Of course, since all our stuff works with open protocols, a customer could even use proprietary software (such as Tableau) with our cloud. It doesn’t make a difference to the database.
This is a diagram about how the IoT cloud works, from a high-level perspective. Different connection types are defined with lines, and the objects are labeled in-sequence.
The Journey of a Tag
What is a ‘tag’, and how does it have a journey?
Usually, humans want to measure their machines, and have an action occur if something happens. This is very vague, but so are the problems that computers solve. Whatever that something is, a sensor converts the physical happening into an electrical signal. Such a happening could be when a drinking bird goes down to get a taste of water, an electrical signal is based on the number of photons bouncing off the bulb.
This electrical signal is read by a kind of computer, called a programmable logic controller (PLC). The PLC keeps track of how many times signals have happened, and can be programmed (with logic) to control outputs like pumps and motors. The PLC has many inputs, and can make many other numbers calculated from them. These numbers, along with their names, are called tags. The PLC usually needs other supporting devices, so it can’t keep its tags to itself. So, other devices on that LAN can ask for them.
The TBox is always connected to the Internet with a cellular data link. It knows not to talk to anybody on the Internet, except for Stack41. The first thing the box does when booting is start a VPN tunnel, so it can talk (only) to the database in the data center. If this is not available, then the TBox will buffer tags locally, until a link is re-established. The TBox is on the same LAN as the PLC, and therefore can talk to it.
The TBox asks the PLC for its tags at regular intervals. Usually, this is every five seconds, but this sample rate is entirely configurable. The PLC responds back with the tags, and the TBox will try to put them into the database. If the TBox can’t fulfill that, for whatever reason (cellular signal is poor, database is full, etc), then it will store them locally until the secure link is re-established, then upload them while continuing operations as normal. To a human looking at the database through an application server, like Grafana or Tableau, live data would be temporarily unavailable during an outage, but would fill-in once communication is re-established.
Once the tags are in the database, a number of application servers can do all kinds of nifty calculations and trigger actions. One server we like the most is Grafana because it lets someone create pretty dashboards from their tag data, and trigger alerts based on any given logic. So, if the database says that a water tank is running low, an email can be dispatched to give the operator instructions to re-fill it. The operator can also look to this data when making decisions about how to proceed, if multiple parts of the system are detected as malfunctioning. Operators can also query the database to know when things are going to happen, such as, “based on the rate of water flowing through Pump A and Pump B, how long will it take before someone needs to fill Tank A?” This kind of information is useful for scheduling maintenance in-advance.
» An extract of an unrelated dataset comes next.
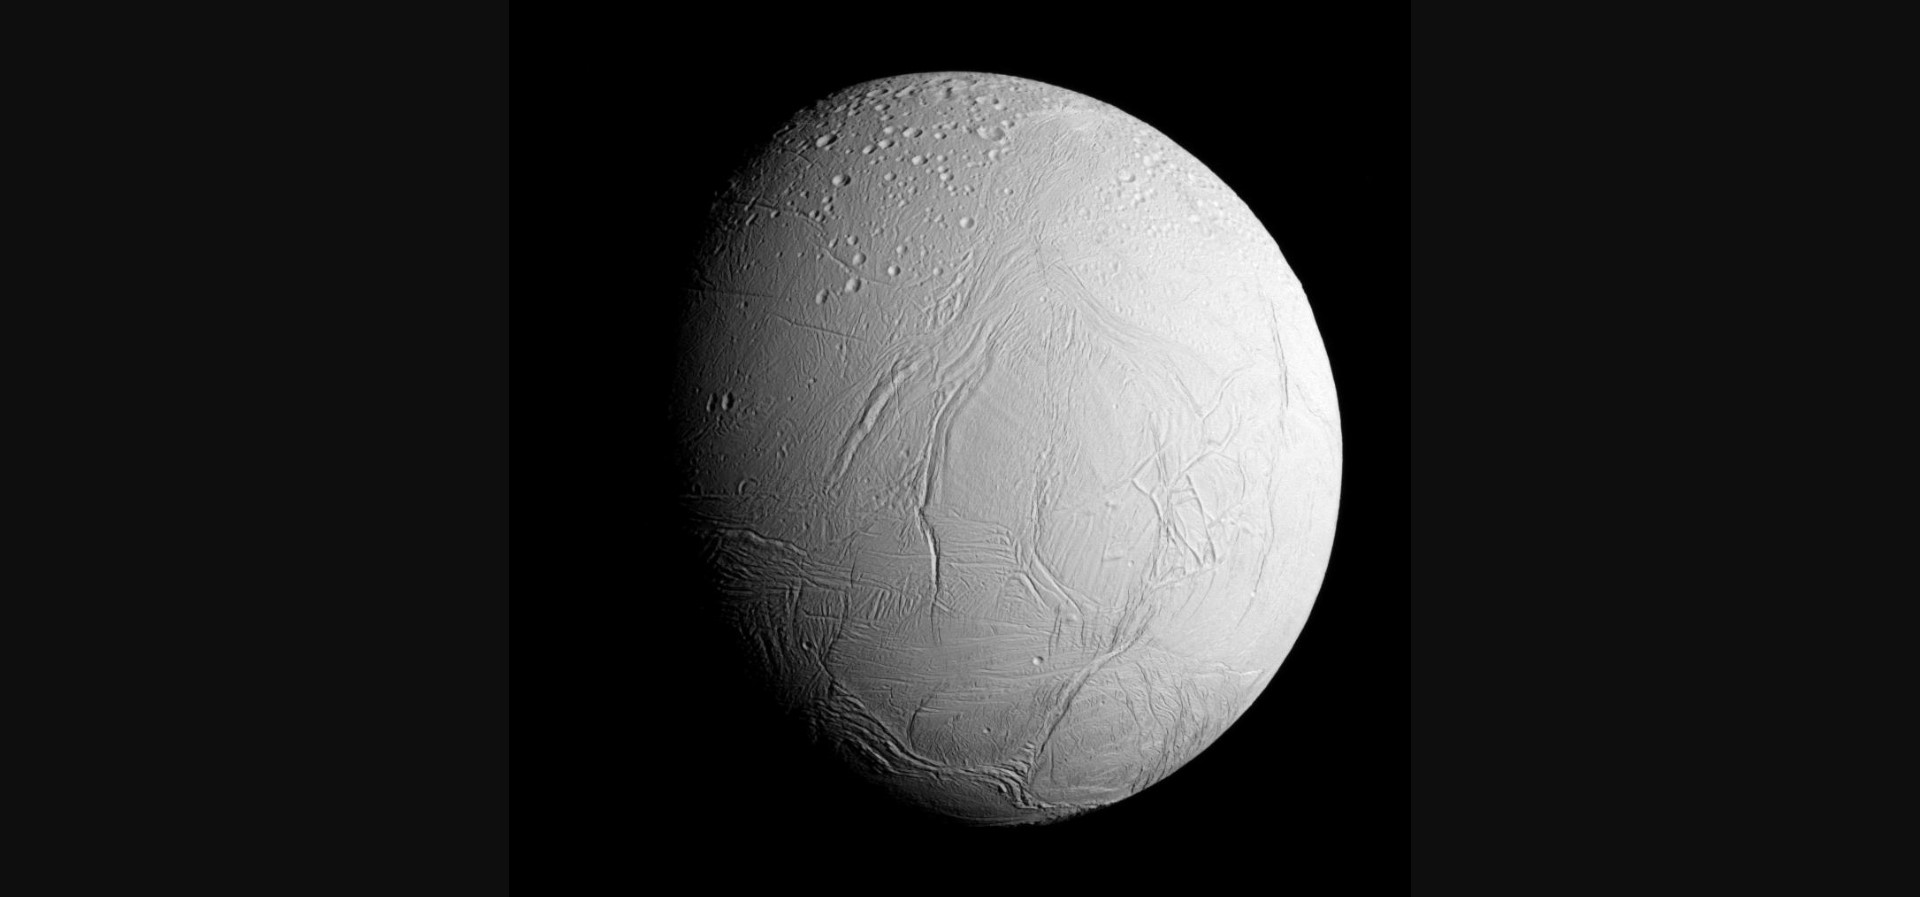 Критический для жизни элемент найден в океане на ледяном спутнике Сатурна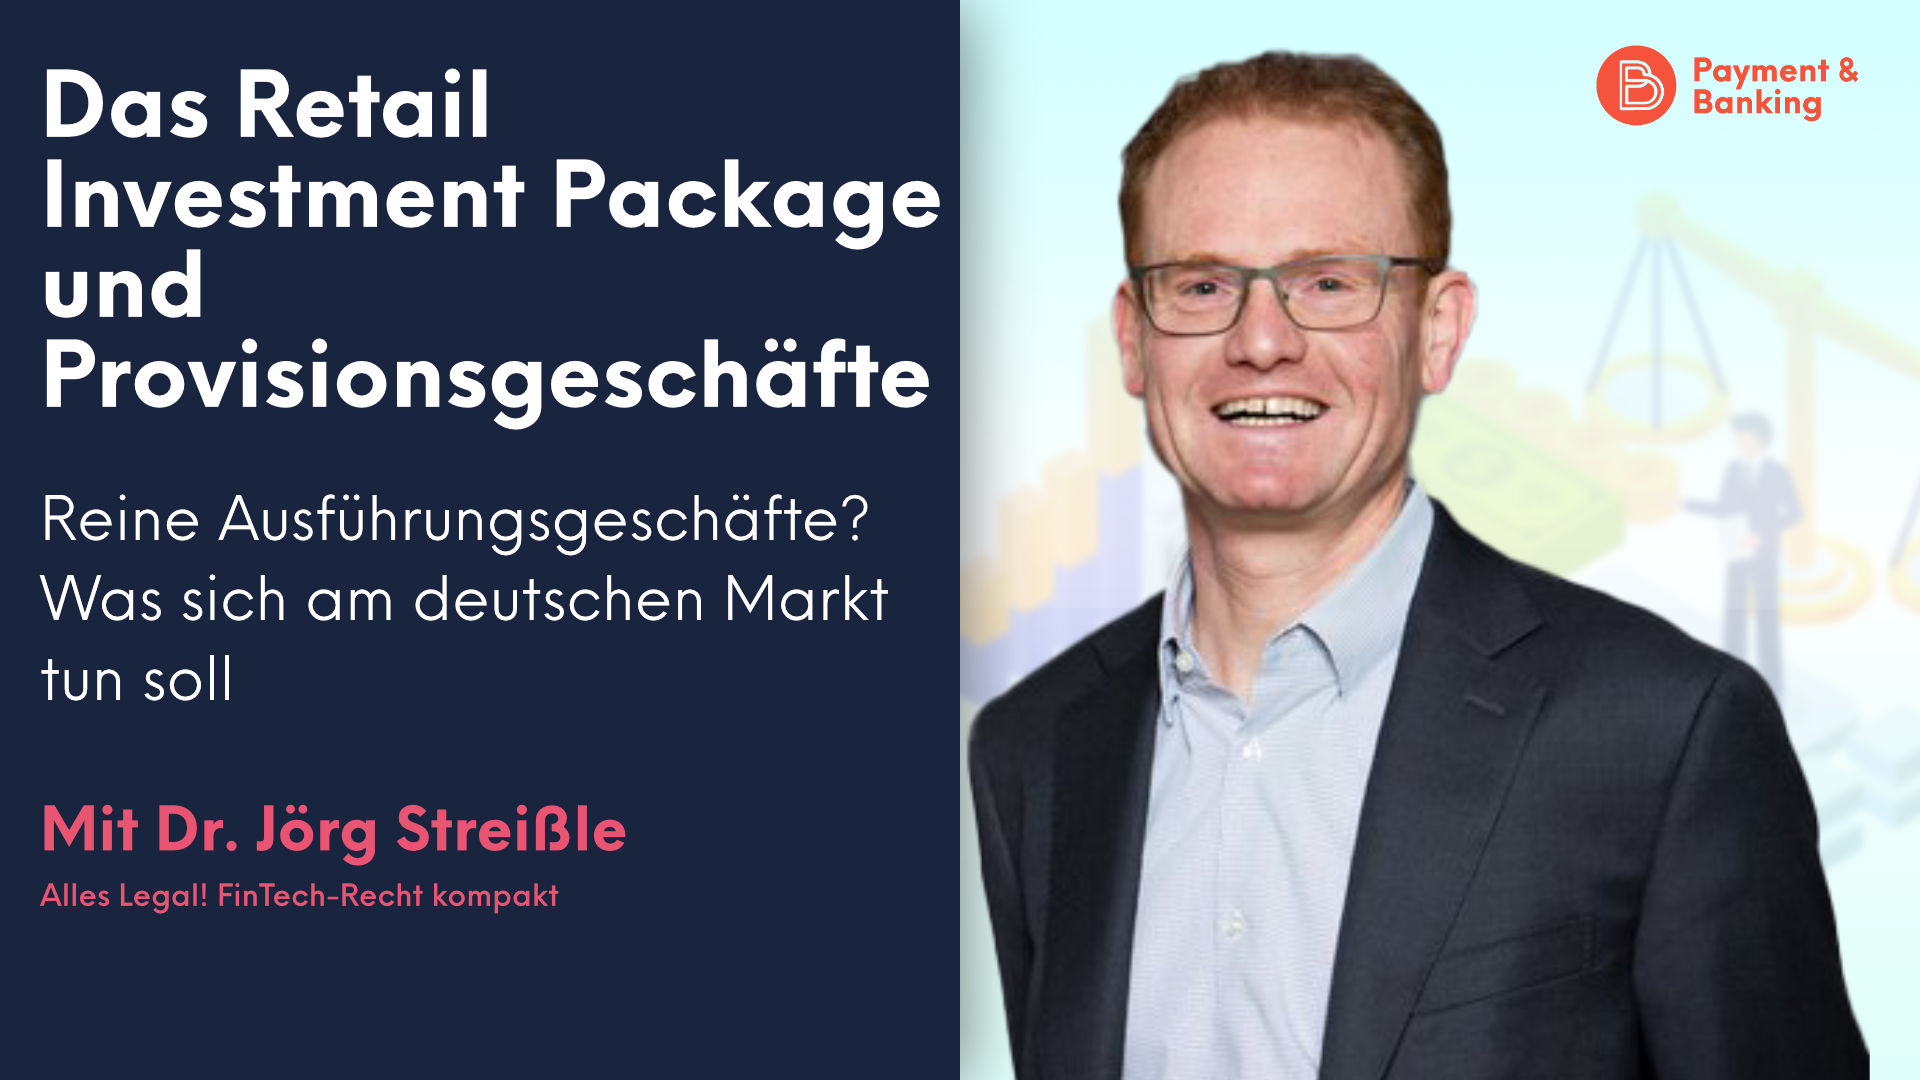 Dr. Jörg Streißle, Experte für aufsichts-, zivil- und gesellschaftsrechtlichen Themen, erklärt, wie das Retail Investment Package und Provisionsgeschäfte in Deutschland miteinander in Verbindung stehen.

The journey of a tag doesn’t need to end here; application servers can do literally anything. It is only limited by the imagination and willingness of the programmer to tell it what to do. Many Free Software packages exist that Caravela can host with no license fees. But, if someone has software they really want to use, we can host it in a secure, virtualized environment. And, our customers now their data is never locked into proprietary software; everyone is free to export their data any time they like.